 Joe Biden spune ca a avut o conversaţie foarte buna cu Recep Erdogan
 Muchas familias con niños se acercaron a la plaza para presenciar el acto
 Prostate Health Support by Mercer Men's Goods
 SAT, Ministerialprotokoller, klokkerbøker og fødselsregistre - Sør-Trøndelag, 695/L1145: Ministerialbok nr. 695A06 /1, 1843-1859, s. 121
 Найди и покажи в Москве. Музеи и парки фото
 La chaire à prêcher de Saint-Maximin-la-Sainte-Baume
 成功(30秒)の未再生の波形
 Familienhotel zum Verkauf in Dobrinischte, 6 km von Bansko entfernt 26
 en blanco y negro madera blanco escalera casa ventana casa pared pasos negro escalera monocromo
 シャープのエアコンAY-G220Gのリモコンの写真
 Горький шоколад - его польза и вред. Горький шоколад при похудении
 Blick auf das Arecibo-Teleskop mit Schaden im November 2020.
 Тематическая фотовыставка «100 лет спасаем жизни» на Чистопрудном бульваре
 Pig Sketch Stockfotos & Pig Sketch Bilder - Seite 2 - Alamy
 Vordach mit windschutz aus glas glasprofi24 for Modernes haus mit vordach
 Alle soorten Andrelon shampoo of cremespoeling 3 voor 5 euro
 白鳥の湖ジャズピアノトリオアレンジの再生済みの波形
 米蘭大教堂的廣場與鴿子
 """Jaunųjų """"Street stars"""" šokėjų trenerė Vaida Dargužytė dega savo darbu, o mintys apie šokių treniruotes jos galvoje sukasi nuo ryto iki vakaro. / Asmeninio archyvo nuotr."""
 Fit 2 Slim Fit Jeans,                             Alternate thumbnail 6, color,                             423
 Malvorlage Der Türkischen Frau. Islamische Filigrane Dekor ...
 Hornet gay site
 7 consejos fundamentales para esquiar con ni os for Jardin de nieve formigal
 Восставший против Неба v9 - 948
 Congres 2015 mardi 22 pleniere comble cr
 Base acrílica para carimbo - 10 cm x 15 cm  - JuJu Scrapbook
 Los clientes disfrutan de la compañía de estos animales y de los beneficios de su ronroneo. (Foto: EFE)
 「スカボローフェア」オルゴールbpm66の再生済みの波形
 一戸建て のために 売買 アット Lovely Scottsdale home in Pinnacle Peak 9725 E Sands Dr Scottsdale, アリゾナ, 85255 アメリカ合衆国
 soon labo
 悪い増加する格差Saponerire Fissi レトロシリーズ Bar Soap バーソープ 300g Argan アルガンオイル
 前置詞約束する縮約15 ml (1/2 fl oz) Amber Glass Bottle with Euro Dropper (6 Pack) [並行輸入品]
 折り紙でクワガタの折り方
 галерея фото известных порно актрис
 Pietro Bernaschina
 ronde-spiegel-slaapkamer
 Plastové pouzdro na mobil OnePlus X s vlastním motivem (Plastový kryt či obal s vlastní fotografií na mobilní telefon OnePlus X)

──────────

* TASK GOAL *
Output all of the data without altering a single line.

* WRITTEN REPLY *
 Joe Biden spune ca a avut o conversaţie foarte buna cu Recep Erdogan
 Muchas familias con niños se acercaron a la plaza para presenciar el acto
 Prostate Health Support by Mercer Men's Goods
 SAT, Ministerialprotokoller, klokkerbøker og fødselsregistre - Sør-Trøndelag, 695/L1145: Ministerialbok nr. 695A06 /1, 1843-1859, s. 121
 Найди и покажи в Москве. Музеи и парки фото
 La chaire à prêcher de Saint-Maximin-la-Sainte-Baume
 成功(30秒)の未再生の波形
 Familienhotel zum Verkauf in Dobrinischte, 6 km von Bansko entfernt 26
 en blanco y negro madera blanco escalera casa ventana casa pared pasos negro escalera monocromo
 シャープのエアコンAY-G220Gのリモコンの写真
 Горький шоколад - его польза и вред. Горький шоколад при похудении
 Blick auf das Arecibo-Teleskop mit Schaden im November 2020.
 Тематическая фотовыставка «100 лет спасаем жизни» на Чистопрудном бульваре
 Pig Sketch Stockfotos & Pig Sketch Bilder - Seite 2 - Alamy
 Vordach mit windschutz aus glas glasprofi24 for Modernes haus mit vordach
 Alle soorten Andrelon shampoo of cremespoeling 3 voor 5 euro
 白鳥の湖ジャズピアノトリオアレンジの再生済みの波形
 米蘭大教堂的廣場與鴿子
 """Jaunųjų """"Street stars"""" šokėjų trenerė Vaida Dargužytė dega savo darbu, o mintys apie šokių treniruotes jos galvoje sukasi nuo ryto iki vakaro. / Asmeninio archyvo nuotr."""
 Fit 2 Slim Fit Jeans,                             Alternate thumbnail 6, color,                             423
 Malvorlage Der Türkischen Frau. Islamische Filigrane Dekor ...
 Hornet gay site
 7 consejos fundamentales para esquiar con ni os for Jardin de nieve formigal
 Восставший против Неба v9 - 948
 Congres 2015 mardi 22 pleniere comble cr
 Base acrílica para carimbo - 10 cm x 15 cm  - JuJu Scrapbook
 Los clientes disfrutan de la compañía de estos animales y de los beneficios de su ronroneo. (Foto: EFE)
 「スカボローフェア」オルゴールbpm66の再生済みの波形
 一戸建て のために 売買 アット Lovely Scottsdale home in Pinnacle Peak 9725 E Sands Dr Scottsdale, アリゾナ, 85255 アメリカ合衆国
 soon labo
 悪い増加する格差Saponerire Fissi レトロシリーズ Bar Soap バーソープ 300g Argan アルガンオイル
 前置詞約束する縮約15 ml (1/2 fl oz) Amber Glass Bottle with Euro Dropper (6 Pack) [並行輸入品]
 折り紙でクワガタの折り方
 галерея фото известных порно актрис
 Pietro Bernaschina
 ronde-spiegel-slaapkamer
 Plastové pouzdro na mobil OnePlus X s vlastním motivem (Plastový kryt či obal s vlastní fotografií na mobilní telefon OnePlus X)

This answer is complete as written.